Stored data:

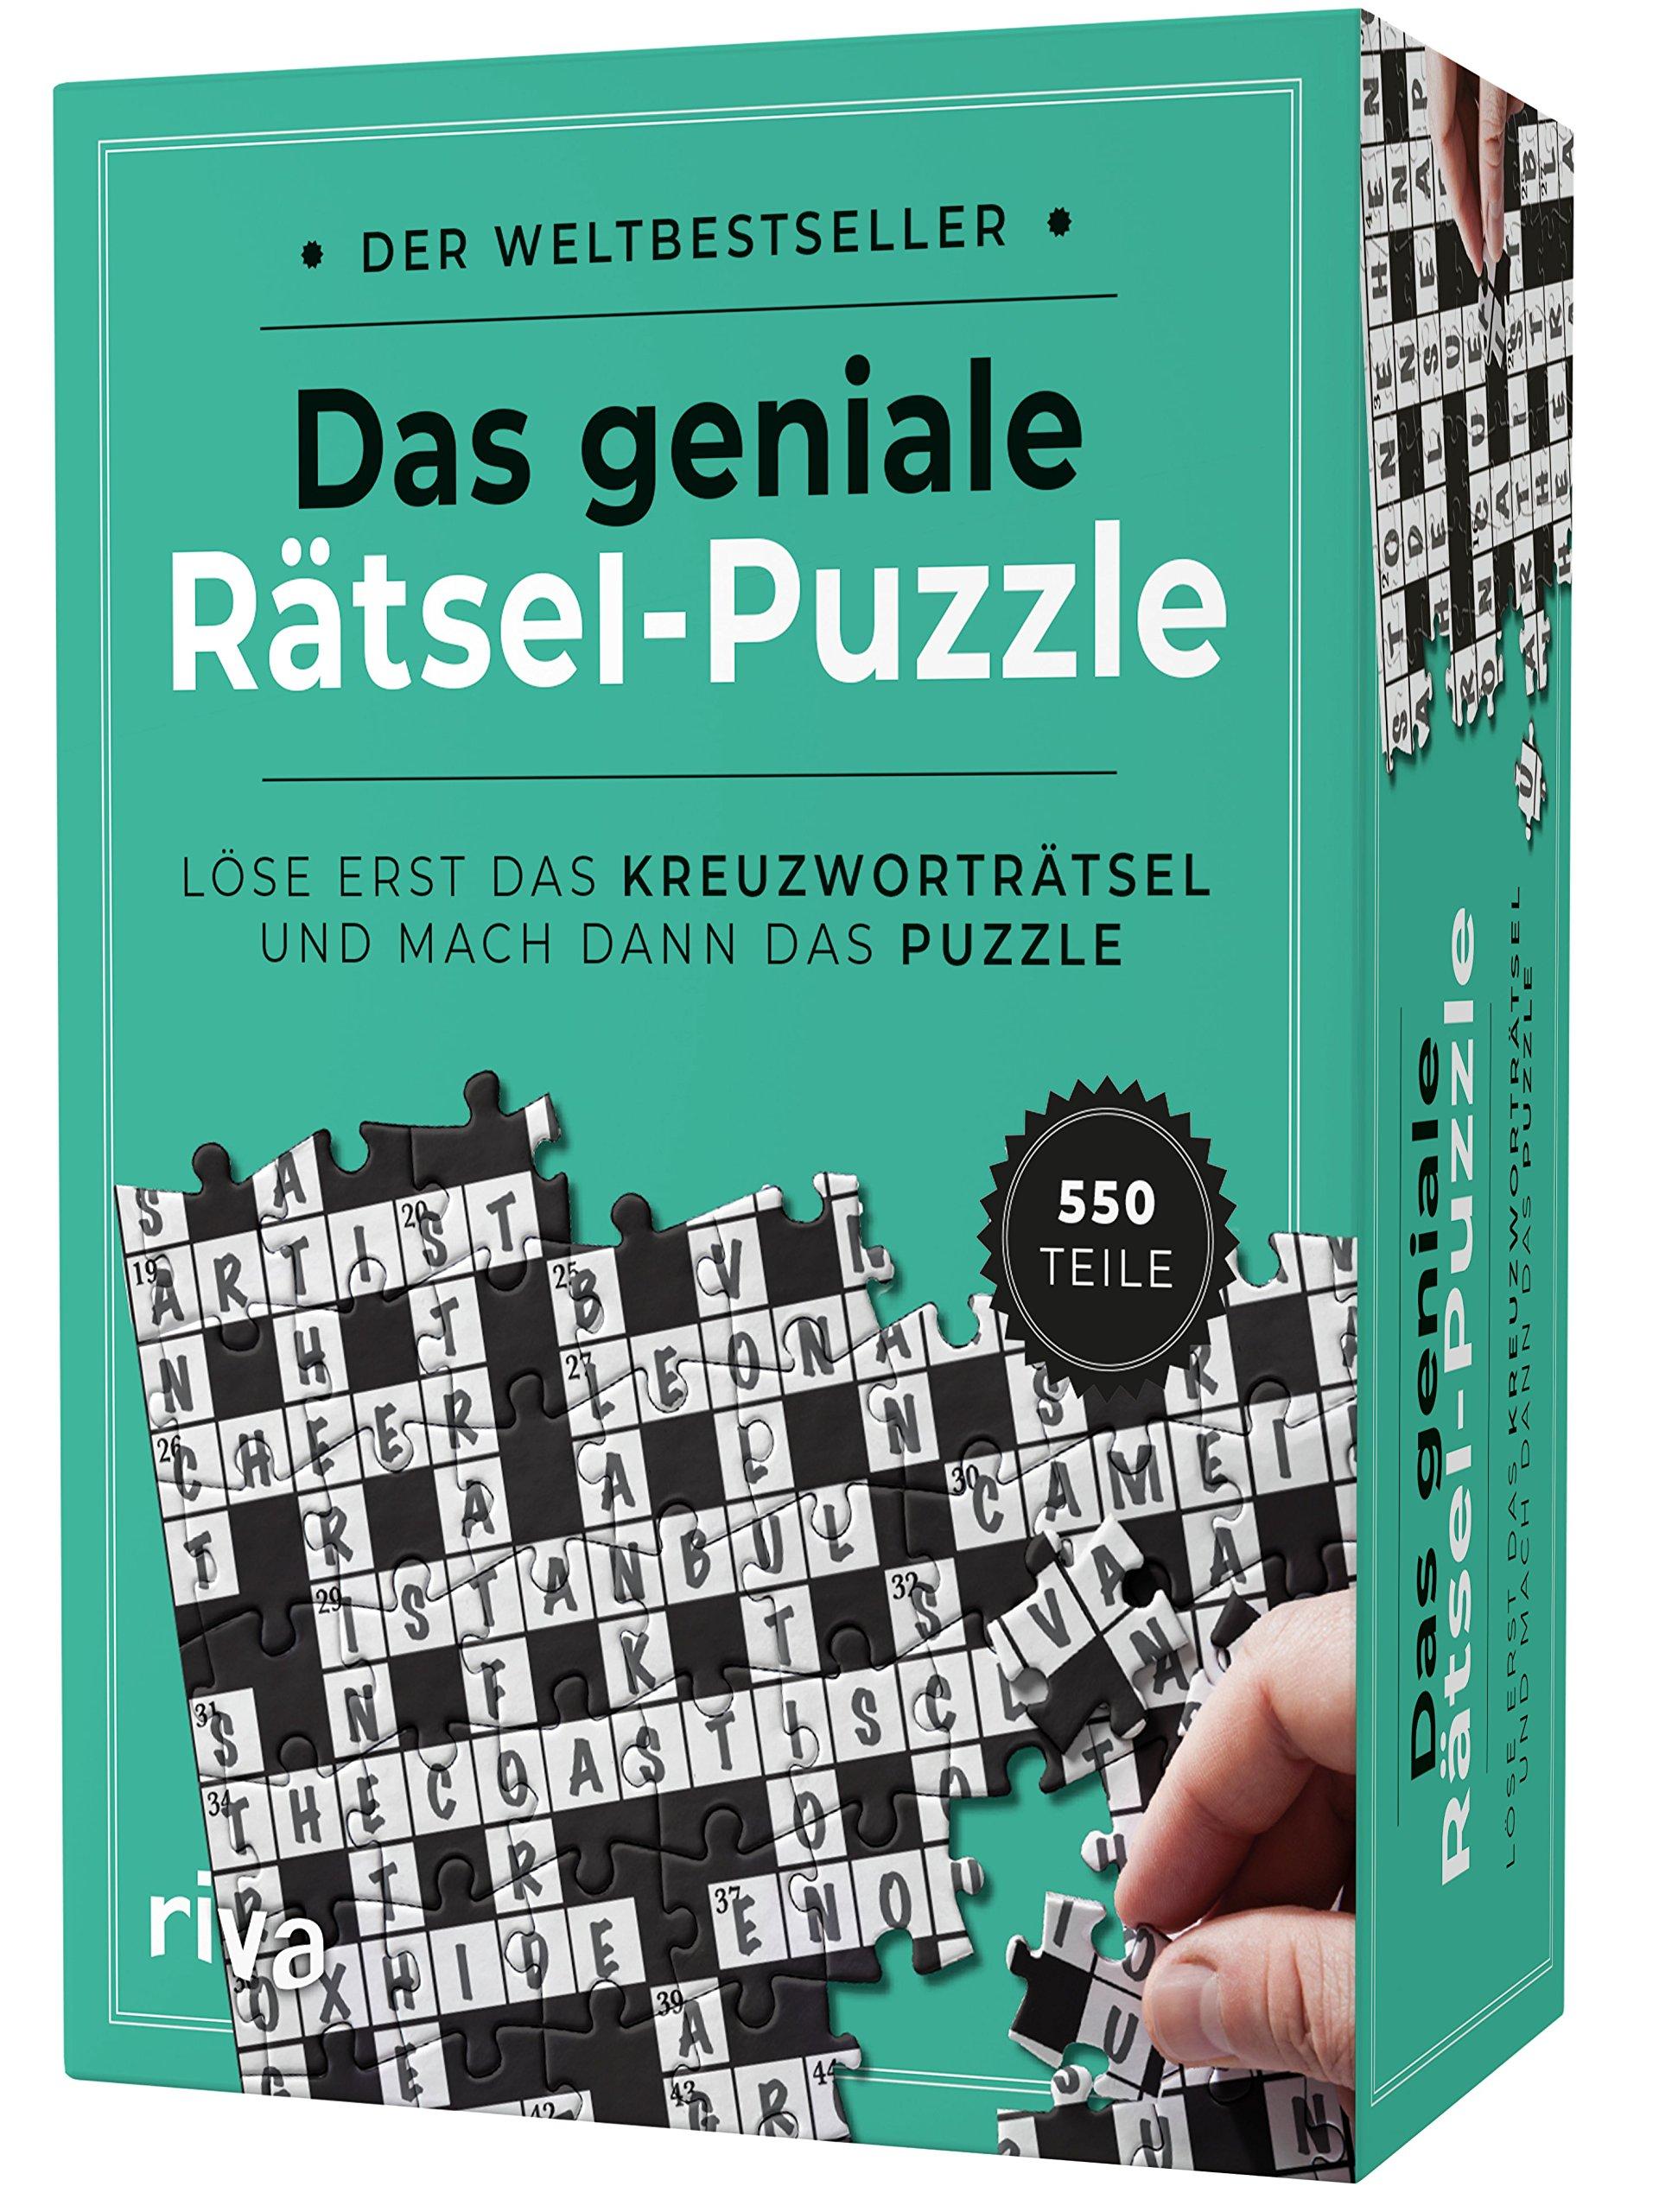 Das Geniale Rätsel Puzzle Löse Erst Das Kreuzworträtsel Und Mach Dann Das Puzzle
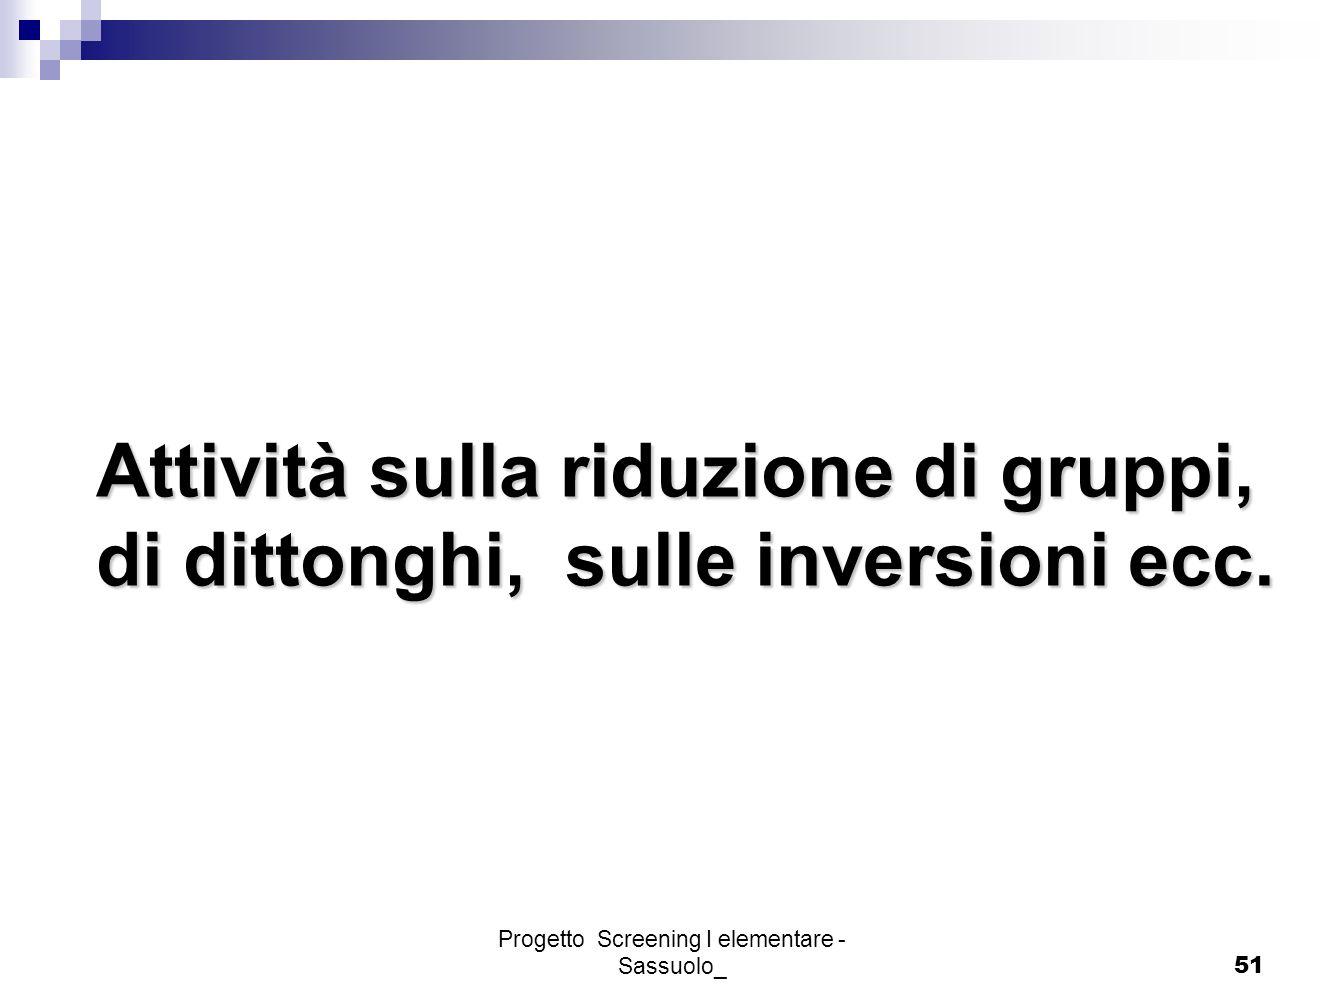 Progetto Screening I elementare - Sassuolo_51 Attività sulla riduzione di gruppi, di dittonghi, sulle inversioni ecc.
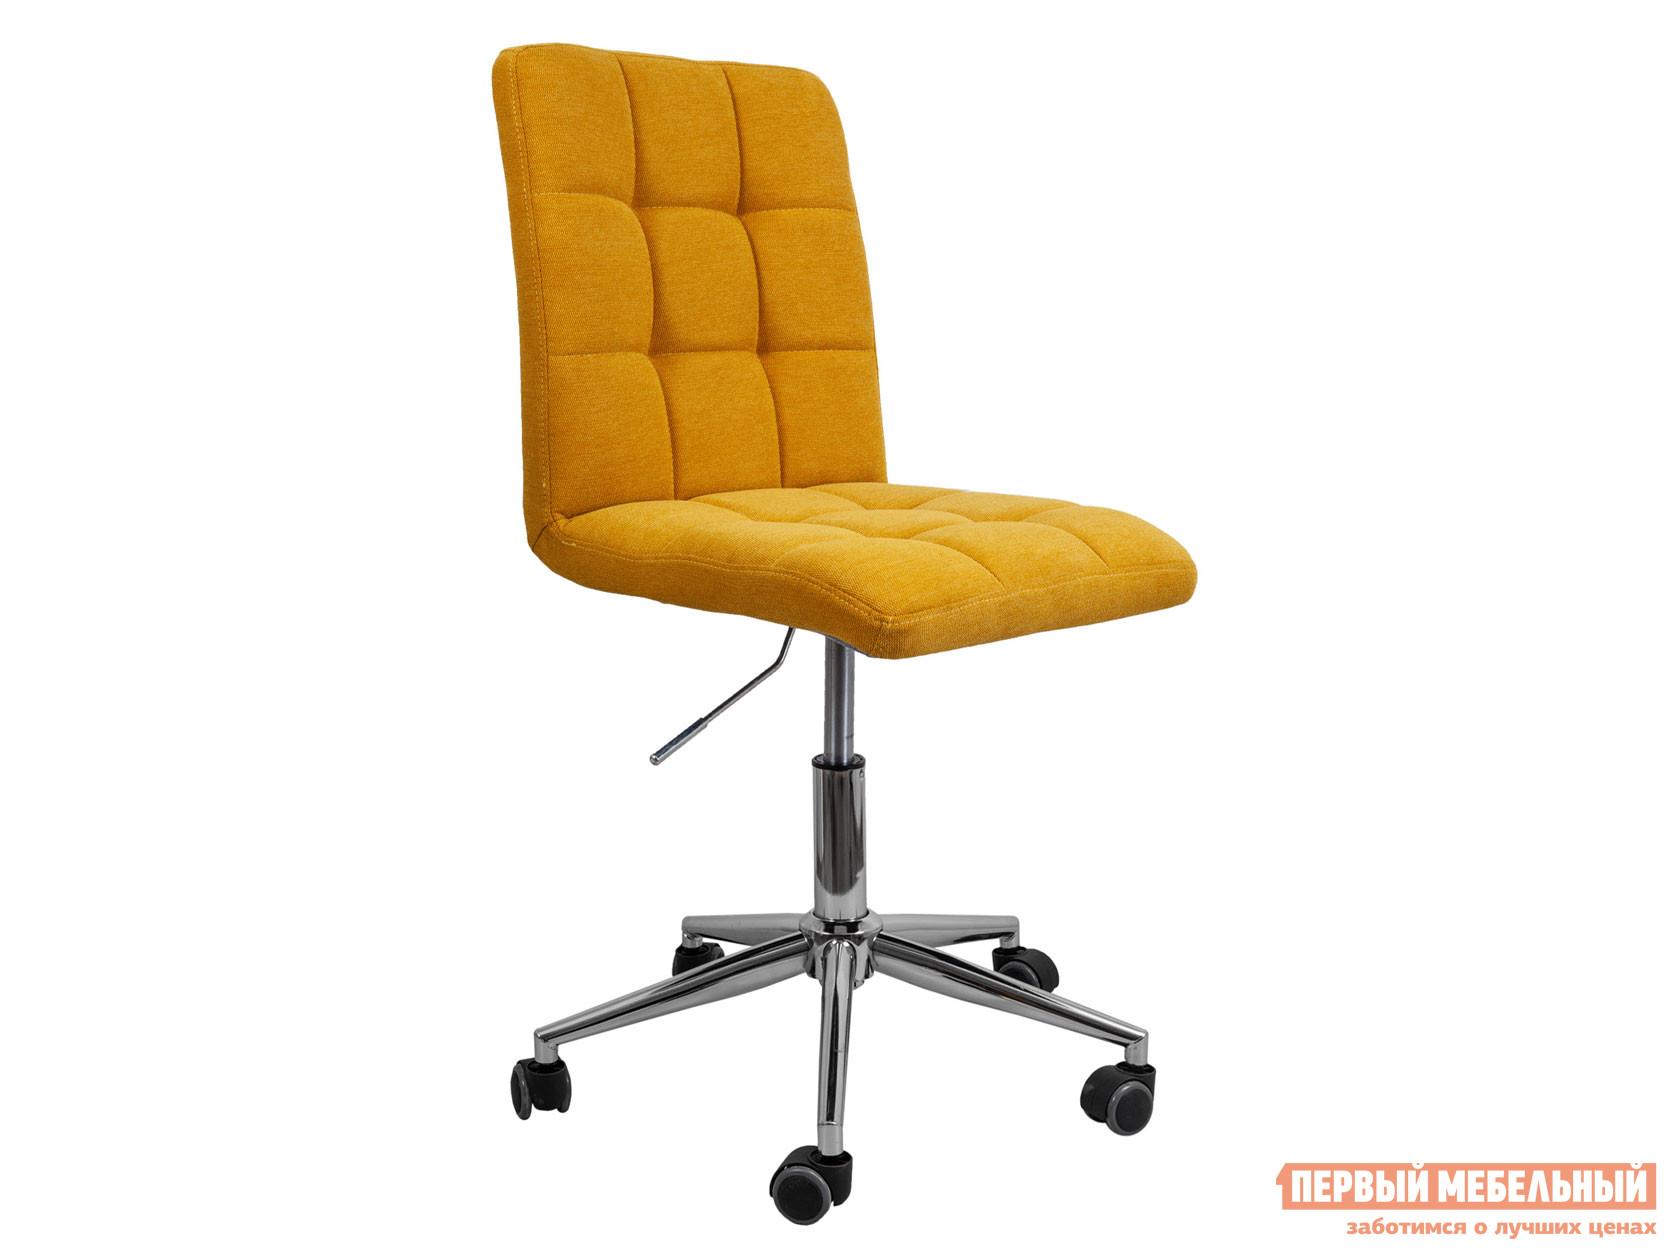 Офисное кресло  Стул FIJI, поворотный Желтый, ткань / Хром Sedia 124844

Try it: Hand back the data above exactly, leaving out all pictures.

Answer:
 Das Geniale Rätsel Puzzle Löse Erst Das Kreuzworträtsel Und Mach Dann Das Puzzle
 Progetto Screening I elementare - Sassuolo_51 Attività sulla riduzione di gruppi, di dittonghi, sulle inversioni ecc.
 Офисное кресло  Стул FIJI, поворотный Желтый, ткань / Хром Sedia 124844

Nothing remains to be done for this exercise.